Topic: Bonus - Nature/When demandable

 American Wire and Cable Co., Inc., is a corporation engaged in the manufacture of wires and
cables. There are two unions in this company, the American Wire and Cable Monthly-Rated
Employees Union (Monthly-Rated Union) and the American Wire and Cable Daily-Rated
Employees Union (Daily-Rated Union).
 The two Unions filed an action for voluntary arbitration against respondent company before
the NCMB of DOLE.
 The petitioner alleged that respondent Company violated Art. 100 of LC for withdrawing
without valid cause certain benefits: the 35% premium pay for selected days during the Holy
Week and Christmas season, the holding of the Christmas Party and its incidental benefits,
and the giving of service awards.


Nothing in this Book shall be construed to eliminate or in any way diminish supplements,
or other employee benefits being enjoyed at the time of promulgation of this Code.

 VA - ruled in favor of the Company saying that it did not violate Art. 100
 CA - upheld VA. Hence, this petition.

 Petitioner contends that the Company violated Art. 100 because the grant of these benefits
was a customary practice that can no longer be unilaterally withdrawn by private respondent
without the tacit consent of the petitioner.

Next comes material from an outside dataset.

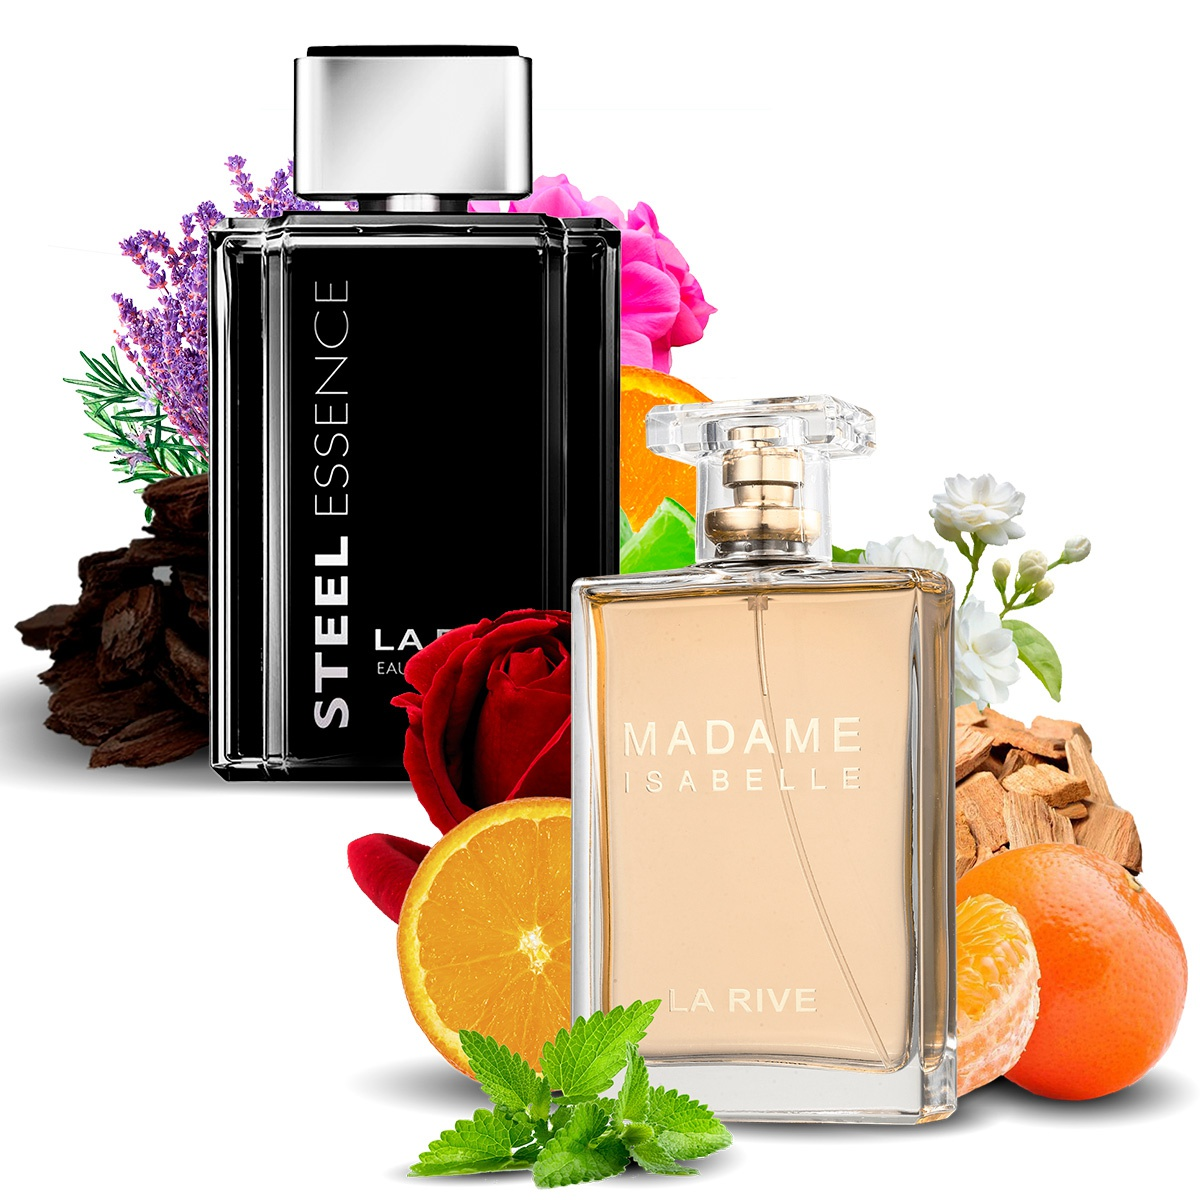 Kit 2 Perfumes, Steel Essence e Madame Isabelle La Rive
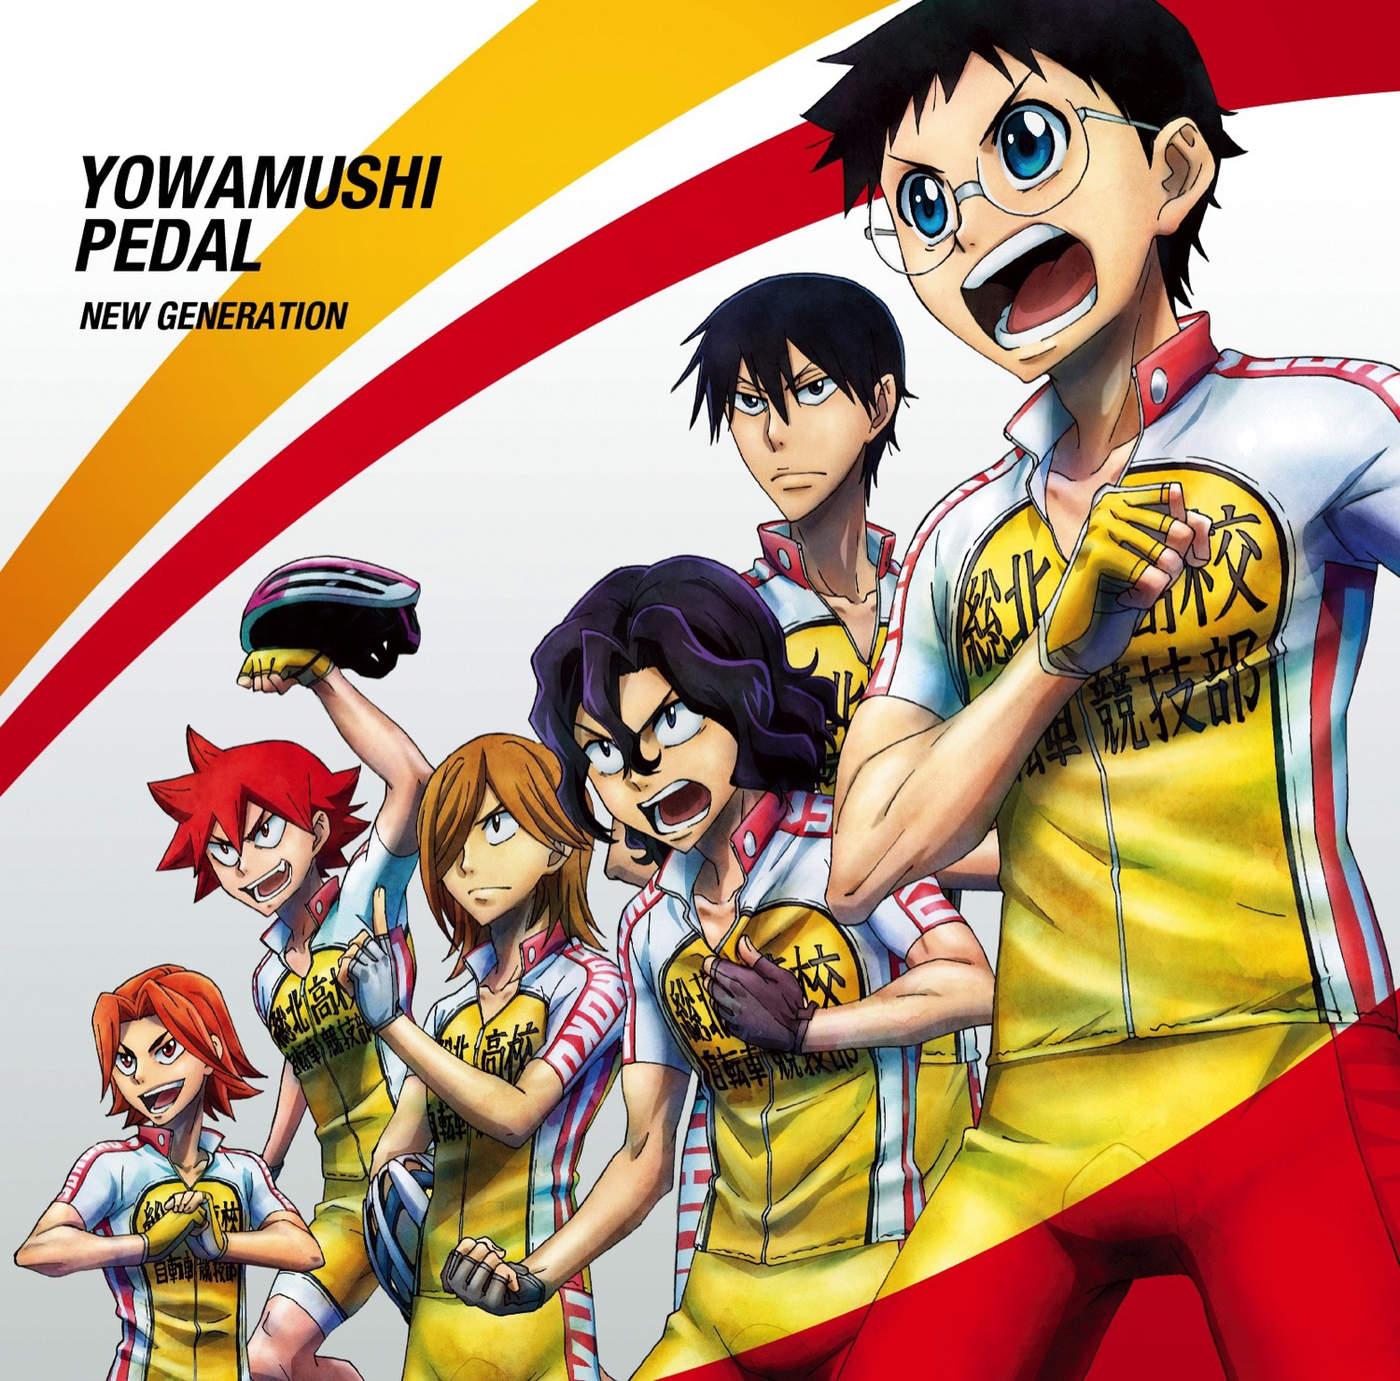 Yowamushi pedal new generation opening 2 full for New generation

ISSUE + RULING: Whether the respondent company is guilty of violating Art. 100 or the
prohibition against elimination or diminution of benefits

NO. The Company did not violate Art. 100. General rule is that the granting of a bonus is
management prerogative and they are not demandable/enforceable unless it is part of the wage,
salary or compensation. In this case, the bonuses are not considered part of the wage or salary
or compensation, hence, they are not enforceable obligations.

A bonus is an amount granted and paid to an employee for his industry and loyalty which
contributed to the success of the employer’s business and made possible the realization of
profits. It is an act of generosity granted by an enlightened employer to spur the employee to
greater efforts for the success of the business and realization of bigger profits. The granting of a
bonus is a management prerogative, something given in addition to what is ordinarily received by
or strictly due the recipient. Thus, a bonus is not a demandable and enforceable obligation,
except when it is made part of the wage, salary or compensation of the employee.

In this case, the benefits/entitlements subjects of the instant case are all bonuses which were
given by the private respondent out of its generosity and munificence - they are all in excess of
what the law requires each employer to give its employees. Since they are above what is strictly
due to the members of petitioner-union, the granting of the same was a management prerogative,
which, whenever management sees necessary, may be withdrawn, unless they have been made
a part of the wage or salary or compensation of the employees. However, the SC ruled that the
bonuses are not part of the wage, salary or compensation.

Further, for a bonus to be enforceable, it must have been promised by the employer and
expressly agreed upon by the parties, or it must have had a fixed amount and had been a long
and regular practice on the part of the employer. To be considered a "regular practice," the giving
of the bonus should have been done over a long period of time, and must be shown to have been
consistent and deliberate.

In this case, the benefits/entitlements in question were never subjects of any express agreement
between the parties. They were never incorporated in the Collective Bargaining Agreement
(CBA). The Christmas parties and its incidental benefits, and the giving of cash incentive together
with the service award cannot be said to have fixed amounts. What is clear from the records is
that over the years, there had been a downtrend in the amount given as service award, hence, it
shows that there is nothing consistent about it.